**WHAT TO WORK ON:**
Your answer must be the exact lines from the one with "Netflix publicará desde" to the end of the data, both included, with no pictures.

**DATA SEGMENT:**
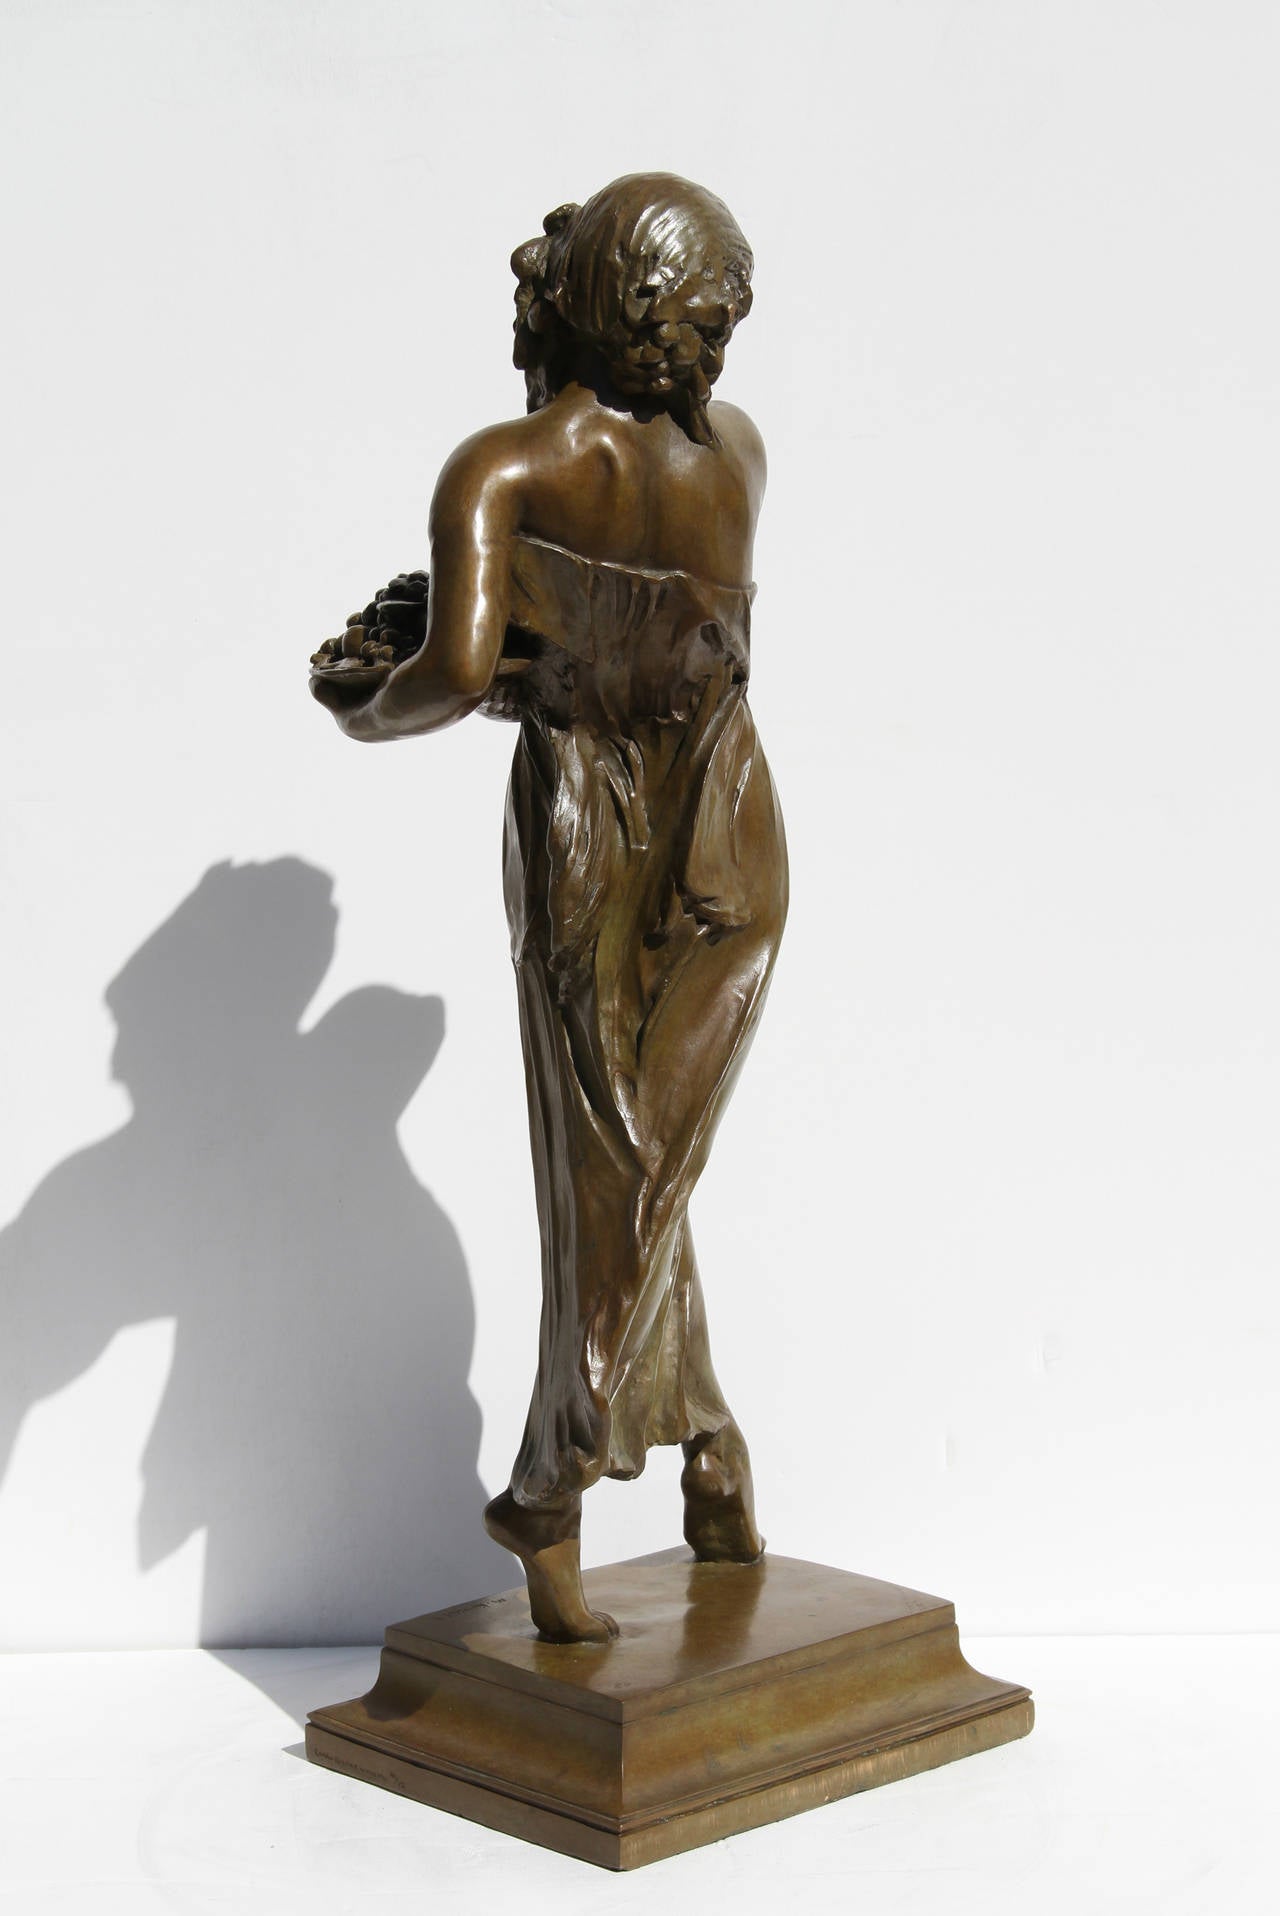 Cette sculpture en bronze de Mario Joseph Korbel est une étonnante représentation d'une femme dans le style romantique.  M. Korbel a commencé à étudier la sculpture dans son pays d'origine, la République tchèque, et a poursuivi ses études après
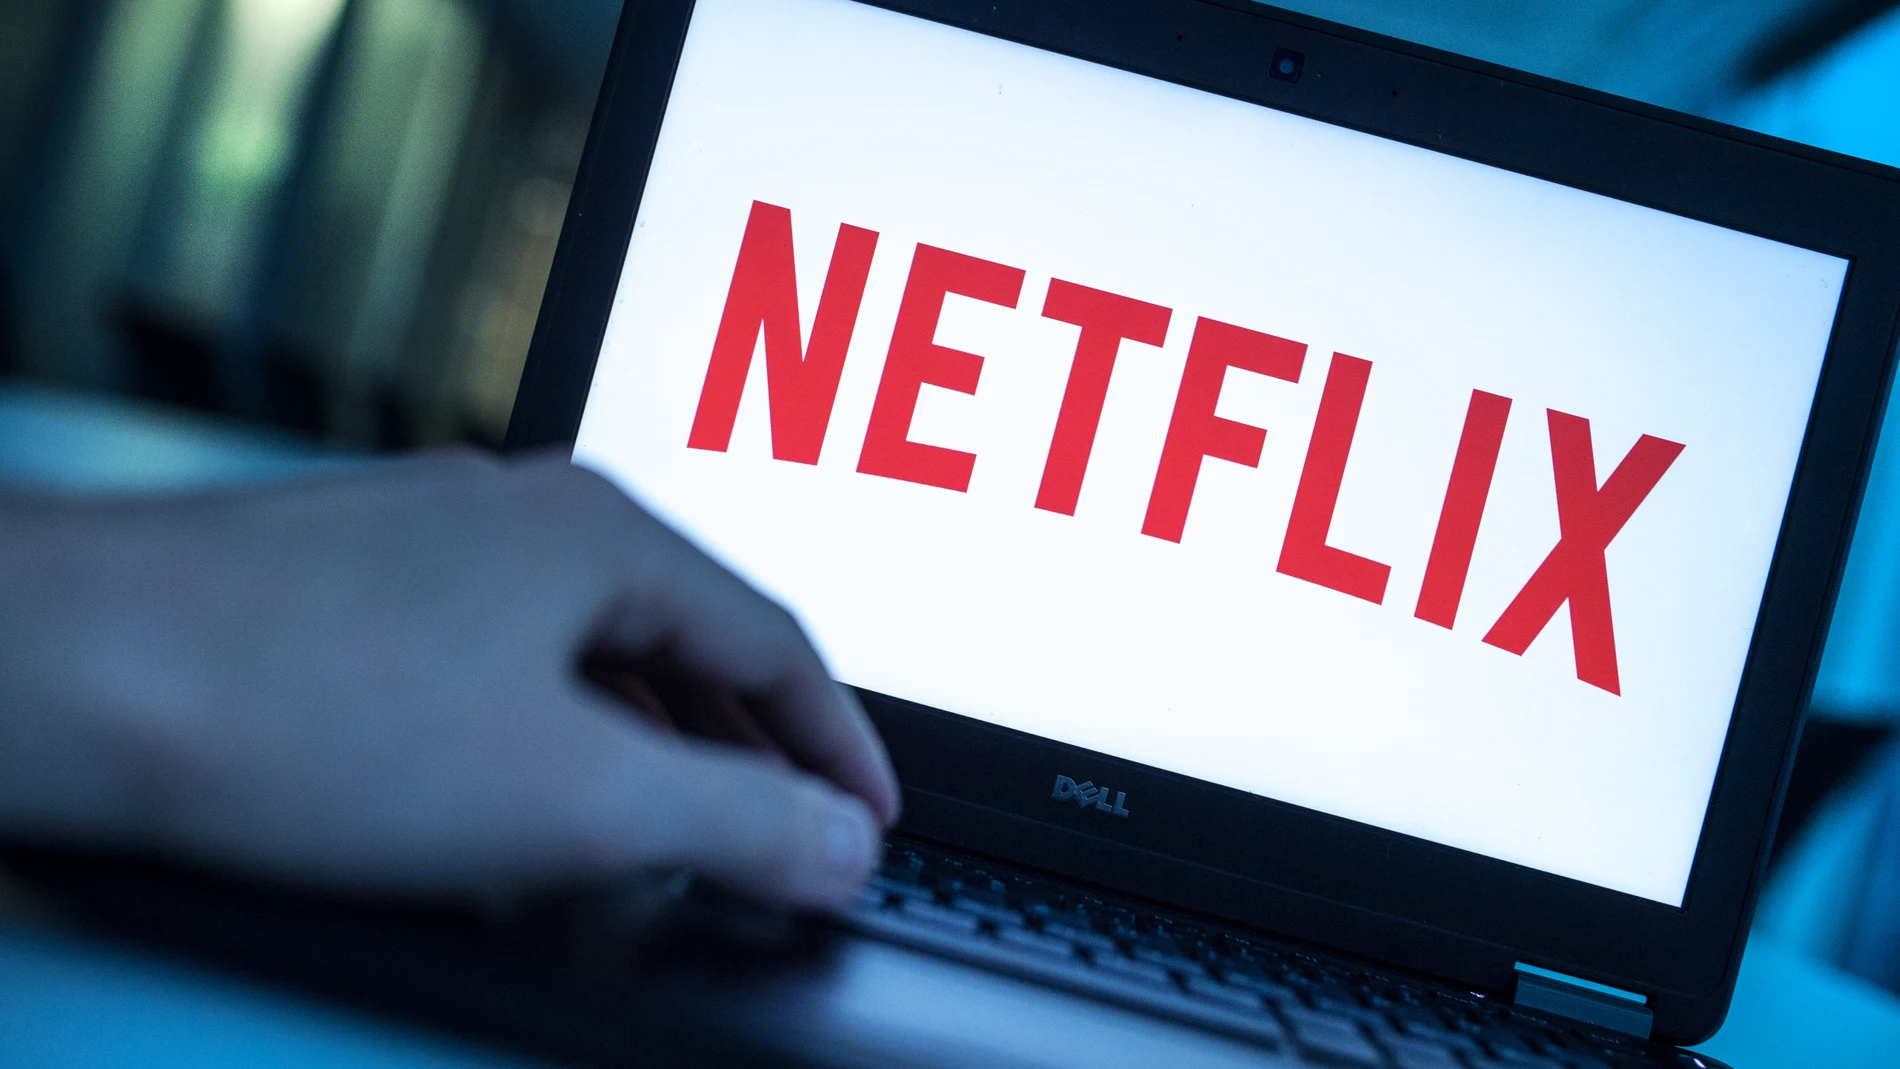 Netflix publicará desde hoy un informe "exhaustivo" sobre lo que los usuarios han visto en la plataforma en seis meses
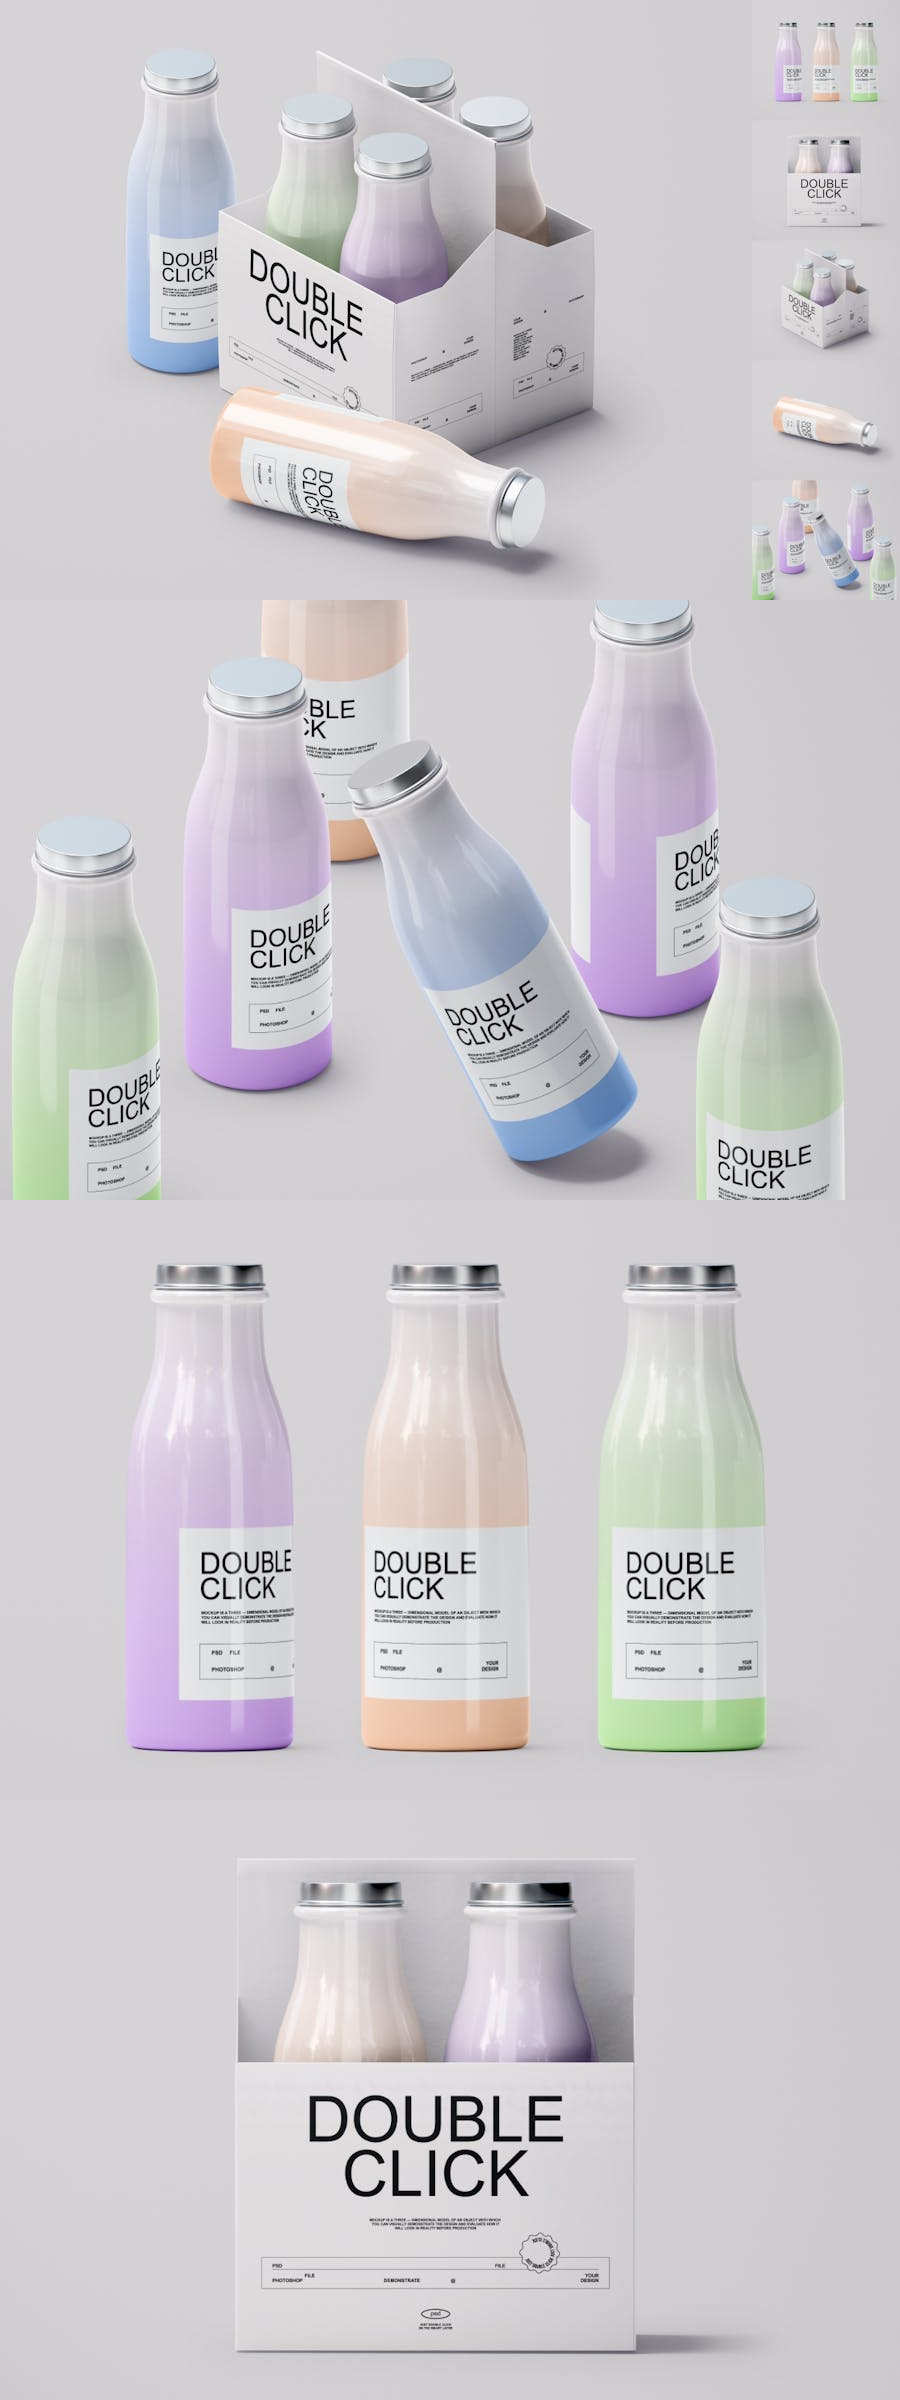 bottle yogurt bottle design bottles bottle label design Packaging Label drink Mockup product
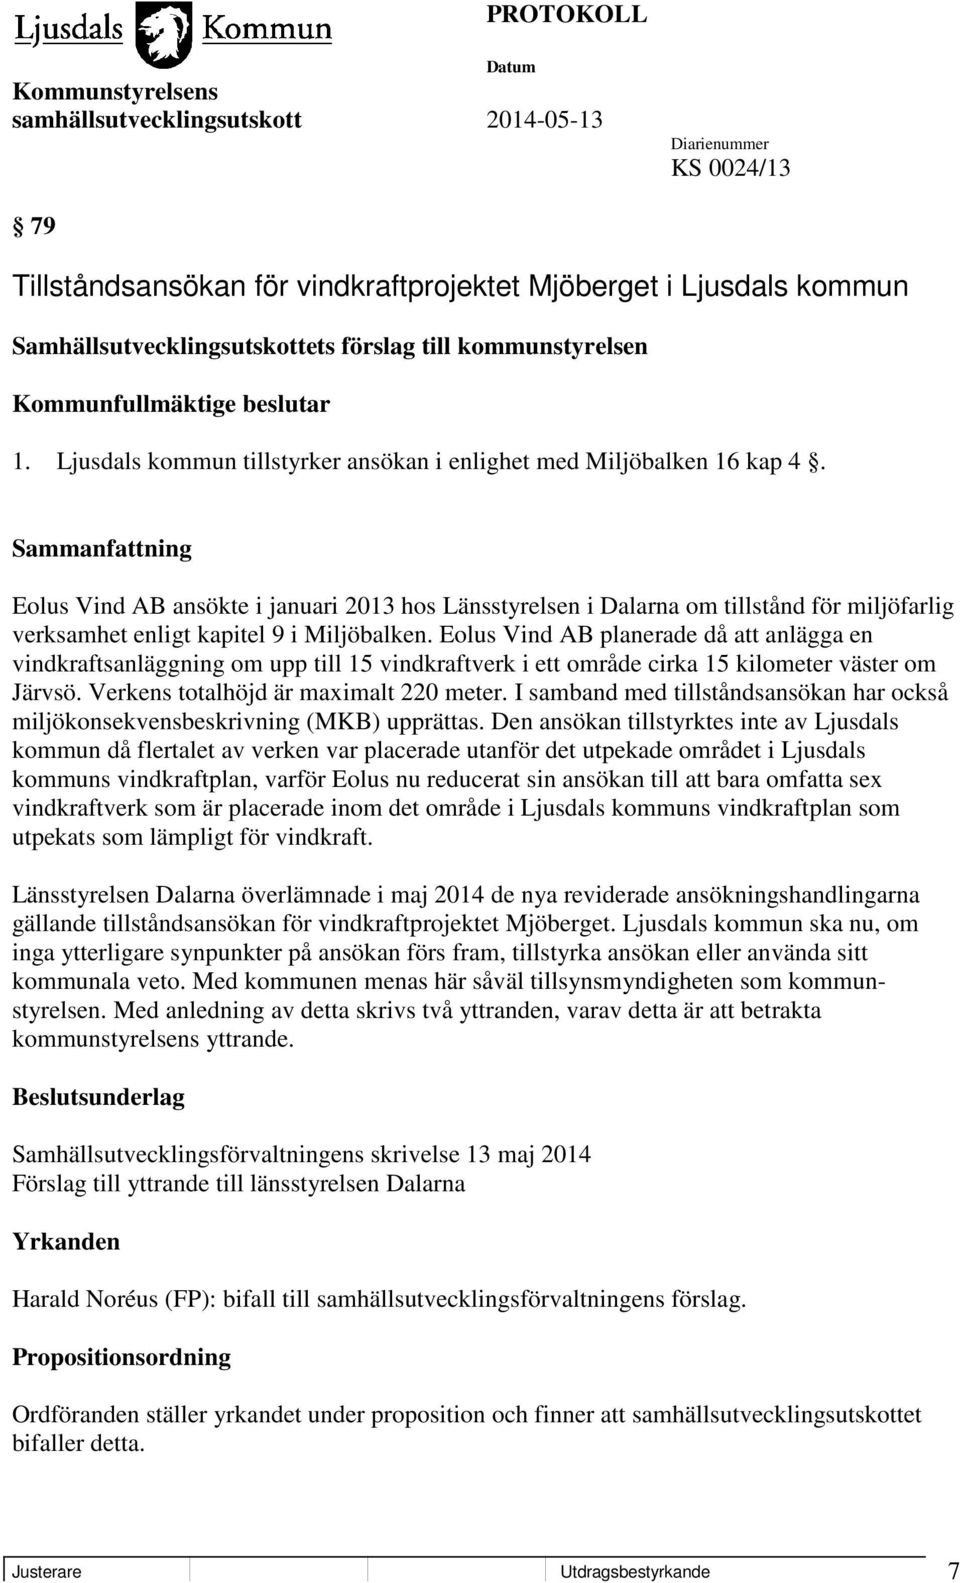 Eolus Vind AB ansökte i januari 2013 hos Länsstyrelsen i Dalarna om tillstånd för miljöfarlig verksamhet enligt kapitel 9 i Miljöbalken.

**SOLUTION TO THE EXERCISE:**
 Netflix publicará desde hoy un informe "exhaustivo" sobre lo que los usuarios han visto en la plataforma en seis meses
 bottle yogurt bottle design bottles bottle label design Packaging Label drink Mockup product
 Eolus Vind AB ansökte i januari 2013 hos Länsstyrelsen i Dalarna om tillstånd för miljöfarlig verksamhet enligt kapitel 9 i Miljöbalken.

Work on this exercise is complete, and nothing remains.